Pages

Tuesday, March 19, 2019

Alternatives to the Four-Year College Track for Everyone Else

As the US goes through one of its periodic paroxysms over how the small minority of high school graduates who attend a selective four-year undergraduate college is chosen, it's worth taking a moment to remember everyone else.  US high schools graduate about 3.6 million students each year. That's a big group, with a wide array of abilities, preparation, and interests. For a substantial number of them, high school was not an especially rewarding academic experience, and no matter what they are told by their college-educated teachers and college-educated counselors, the idea of signing up for a few more years of academic courses is not very enticing.

Oren Cass has written a short essay about this group, "How the Other Half Learns: Reorienting an Education System That Fails Most Students" (Manhattan Institute, August 2018). Here are a couple  of points that caught my eye. 

One study looked back at the students who graduated from high school in 2003, and how the education system had treated them six years later. The data is obviously a few years old, but the overall patterns don't seem to have changed much. For example, about 70% of high school grads enrolled in college in 2003, and about 70% did so in 2016, too.  

Of the 70% who started off to college in 2003, about two-thirds went to a four-year school and one-third to a two years school. Six years later, by 2009, fewer than half of those who started off to college in 2003 had a degree. 

Cass calculates the proportions this way: 
Consider a cohort of 100 students arriving in the ninth grade:
  • Of the 100, 18 of them won’t graduate on time from high school 
  • Of the 82 who do graduate, 25 won’t enroll in higher education
  • Of the 57 who do enroll, 29 won’t earn even an associate’s degree after six years
  • Of the 28 who do graduate, 12 will land in jobs that do not require a degree 
  • Only 16 will successfully navigate the high school to college to career pipeline—the current aim of the education system.
Of course, these problems are fairly well-known. I've written here about "The Problem of College Completion Rates" (June 29, 2018), and about "Some Proposals for Improving Work, Wages and Skills for Americans" (February 19, 2019) like a dramatic expansion of community colleges. But my sense is that the issue here runs deeper. Cass offers one way of thinking about alternatives. 

Of course, this alternative track does require students to make some choices in about 11th grade, but frankly, that doesn't worry me too much. By 10th grade, a lot of students have a fairly good grip on where they stand academically. And if a student chooses a career and technical education track, but decides after a couple of years to give college a try, that's of course just fine. 

The bigger hurdle, it seems to me, is that the alternative vision requires a group of employers who are willing to restructure their organizations in a way that will enable a steady stream of 18-20 year-olds to enter a subsidized work program every year. Moreover, these employers need to treat these young workers not just as an unskilled pair of hands, but to think about what kinds of training and certification these young workers should be attaining during this time. Most US employers are not used to thinking of themselves in these roles. 

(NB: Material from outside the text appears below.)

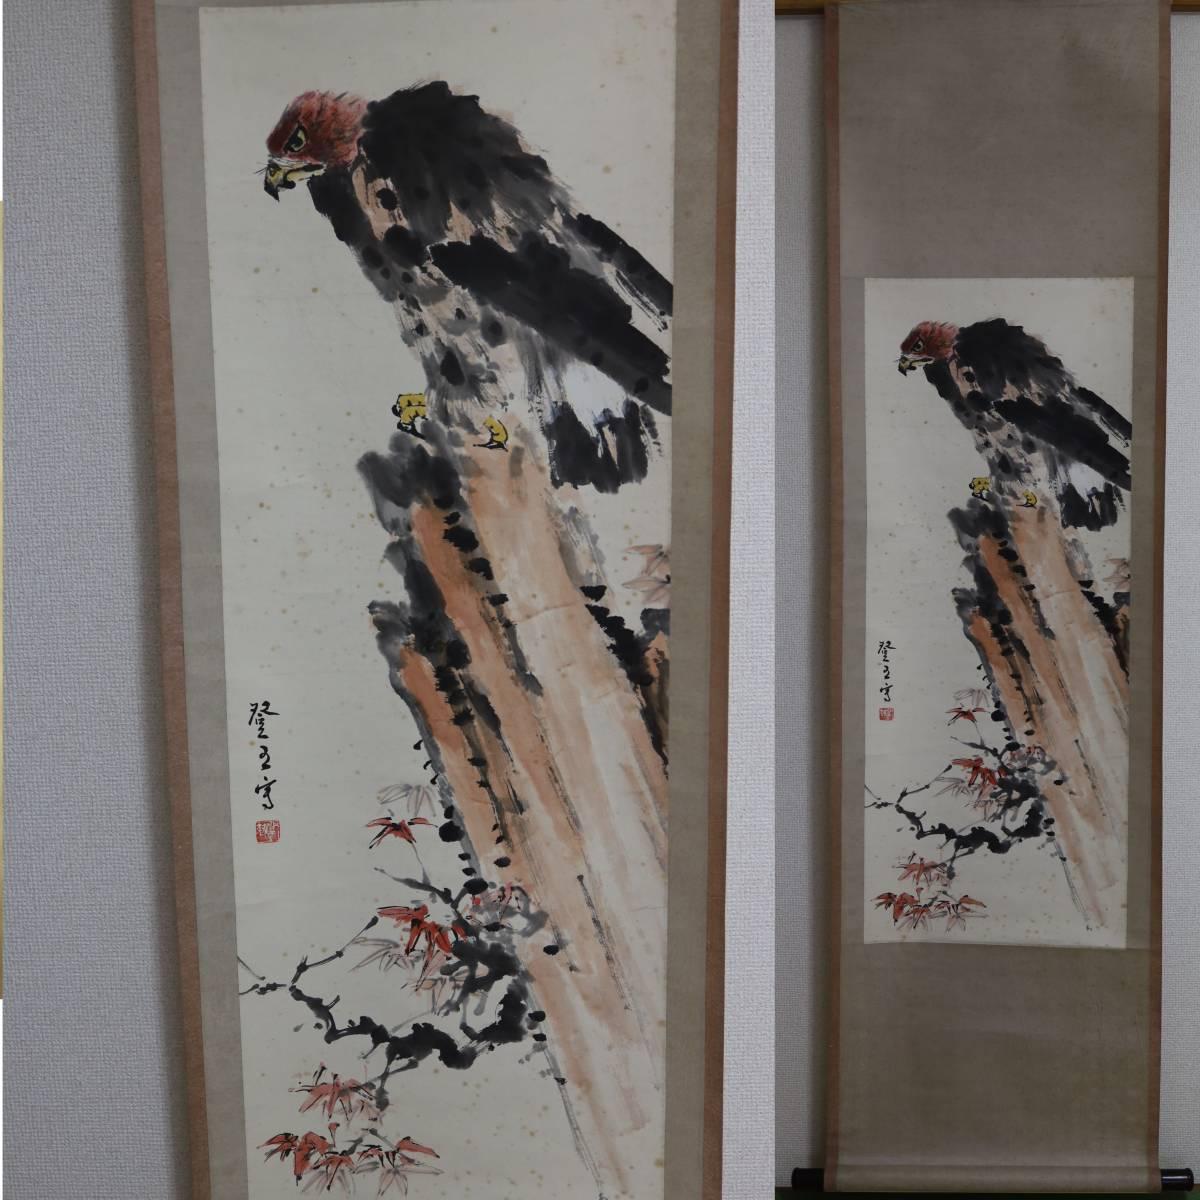 田登五 字画 書画 掛軸 肉筆 紙本 唐物 水墨画 書法 中国画 中国書 中国書画 風俗画 唐画 書画 蔵出し

But it seems to me that a substantial share of the 3.6 million high school graduates each year might prefer something like Cass's "alternative pathway" to a four-year college degree. As the figure illustrates, society would not be investing less in these young adults--it would just be investing differently. Like a lot of people who ended up working in academia, I went off to college eager and enthusiastic about doing things like reading Adam Smith and Plato, and writing papers about topics like the international law ramifications of the UK-Icelandic cod fishery disputes of the 1970s. But I have noticed over time that not everyone shares my enthusiasms. The US needs alternative paths to good jobs at good wages that don't just involve telling all of the 3.6 million high school graduates  they need to keep going to school.